The measuring unit 362 installed in the retaining ring 360 is for measuring the pressure applied to the polishing pad, and the measuring unit installed at the membrane 372 measures the pressure of air for vacuum adsorption of the wafer W. Measure

However, the measuring unit 362 installed in the membrane 372 is for measuring the air pressure in the loading chamber 340 and the pressure chamber 380, and the pressure chamber 380 and the loading chamber 340 inside the measuring chamber 362. It may be installed in.

The controller 390 when the pressure values measured at the membrane 372 or the loading chamber 340, the pressure chamber 380, and the retaining ring 360 deviate from a reference range set for the process. A signal is applied to generate an interlock and stop the process.

Hereinafter, the operation and effects of the polishing head which is an embodiment of the present invention configured as described above will be described.

The wafer W is vacuum-adsorbed through the loading chamber 340 and the pressure chamber 380 in communication with the air inflow passage 314 to polish the wafer W after the polishing head 300 finishes the previous process. At this time, the wafer W is accommodated in a circular space provided by the membrane 372 and the retaining ring 360.

Thereafter, the retaining ring 360 is in close contact with the upper surface of the polishing pad 144 by the driving unit of the polishing head 300 and a predetermined pressure is applied thereto. The wafer W accommodated in the polishing head 300 is in contact with the polishing pad 144 at a predetermined pressure, and at the same time, the slurry supply pipe 148 is slurry at a portion where the polishing pad 144 is in contact with the wafer W. It is then mechanically and chemically polished.

Here, when air is supplied to the pressure chamber 380 to adsorb the wafer W, the measurement chamber 362 connected to the pressure chamber 380 or the membrane 372 measures the pressure value. In addition, even when the retaining ring 360 contacts the upper surface of the polishing pad 144 and a predetermined pressure is applied, a reference pressure preferable for the measurement unit 362 connected to the retaining ring 360 to measure the pressure value and proceed with the process. If the value is out of the allowable range, an interlock is generated by the signal from the controller, and all polishing processes are stopped.

Therefore, the cracking of the wafer W due to the pressure difference caused by the interaction between the retainer ring 360 and the membrane 372 can be prevented, and it is more precise than the conventional method of monitoring each pressure individually. The polishing process can be carried out effectively.
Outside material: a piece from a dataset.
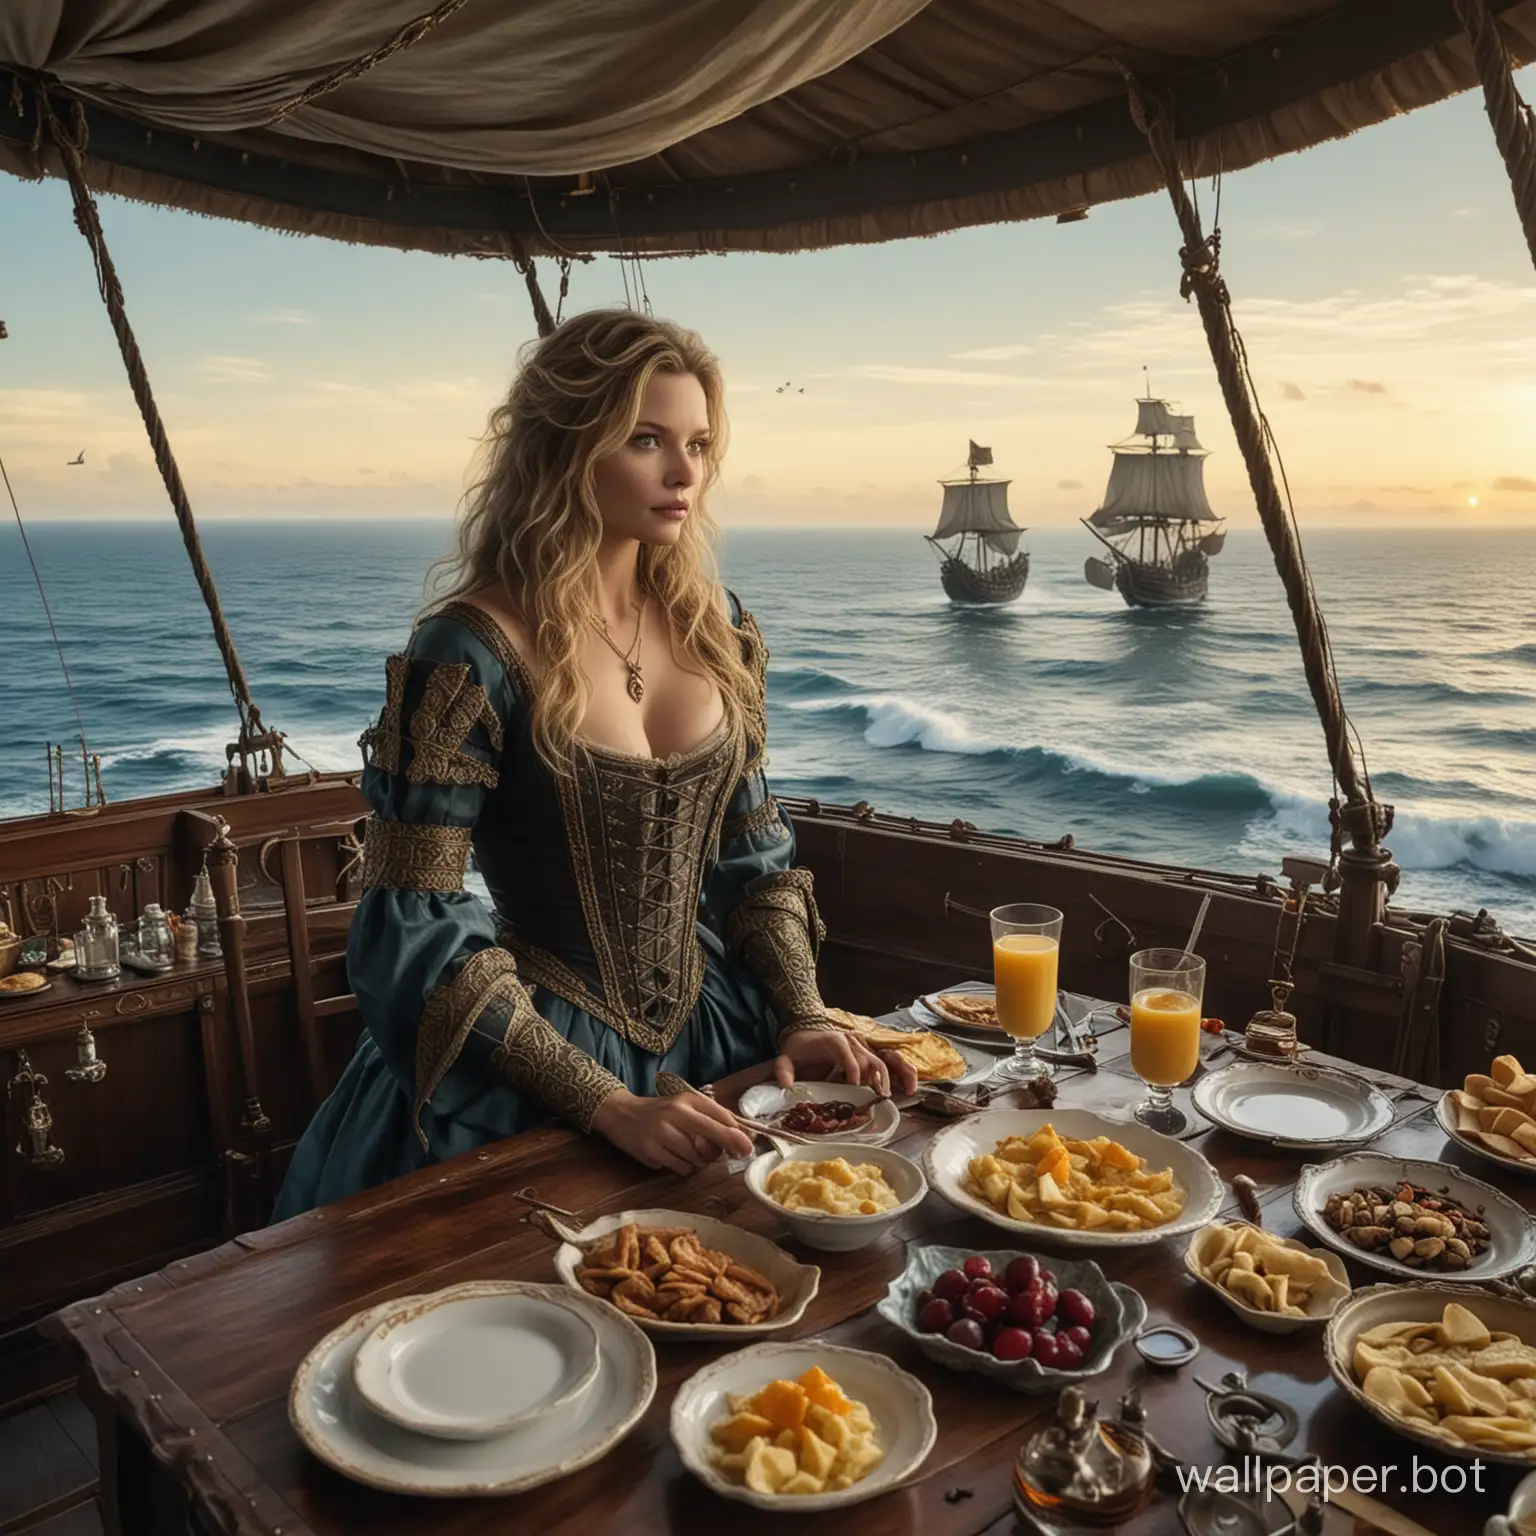 View from the upper deck of a fantasy airship. Below is an endless ocean with medieval sailing ships. Young Michelle Pfeiffer, dressed in a fantasy erotic costume of a fantasy warrior with a deep neckline, is having breakfast at the table.
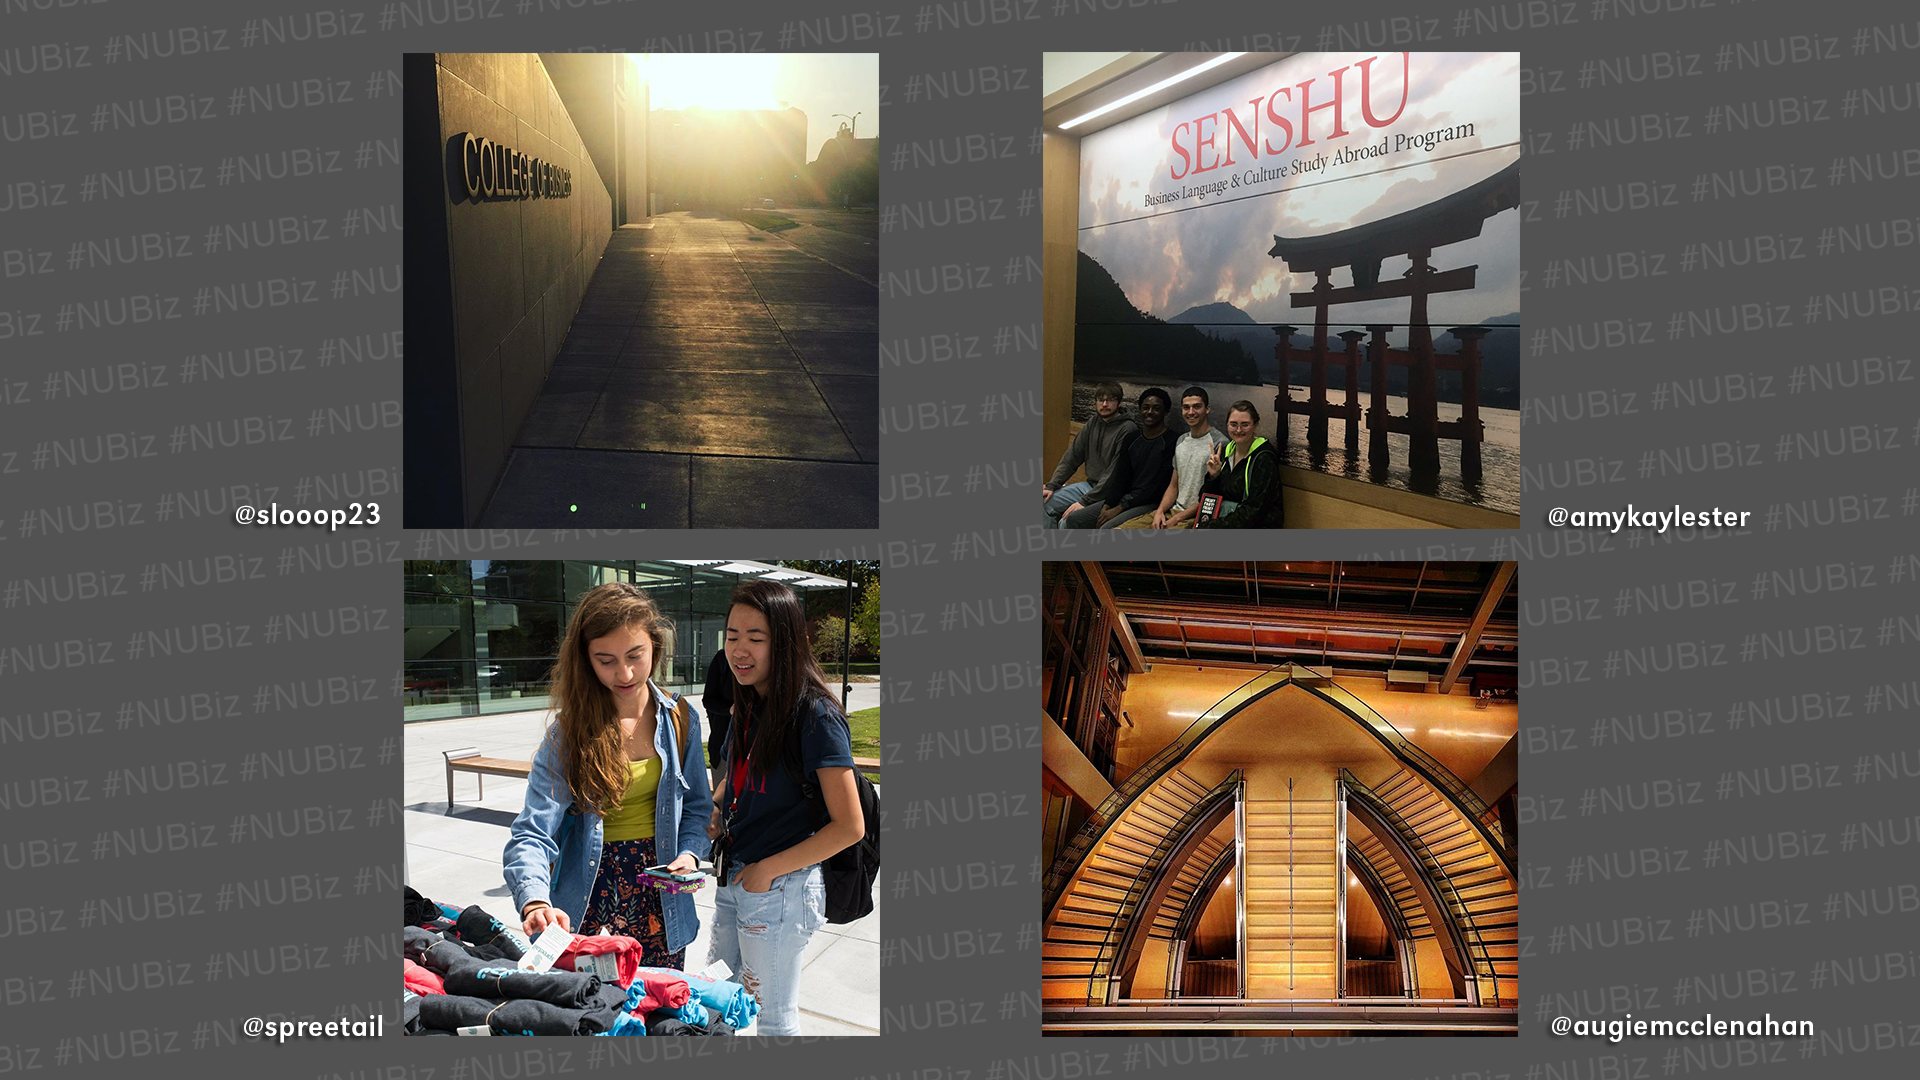 Tag your photos on Instagram and Twitter with #NUBiz to be featured.

The polishing head of the present invention as described above has the following effects.

Each measuring unit for measuring the pressure applied to the retaining ring and the membrane is provided, so that an interlock can be generated when the difference value is out of the set reference range, thereby preventing the wafer from breaking.

Claims (1)

A polishing head for use in a chemical mechanical polishing device, A support plate disposed below; A membrane fixed to the support plate to adsorb / press the wafer; A retainer ring disposed surrounding the outer circumferential surface of the membrane to prevent the wafer adsorbed on the membrane from being separated; A measuring unit measuring pressure applied to the retaining ring and the membrane; And, And a control unit for generating an interlock when a difference between the pressure applied to the retaining ring and the pressure applied to the membrane is out of a set reference range.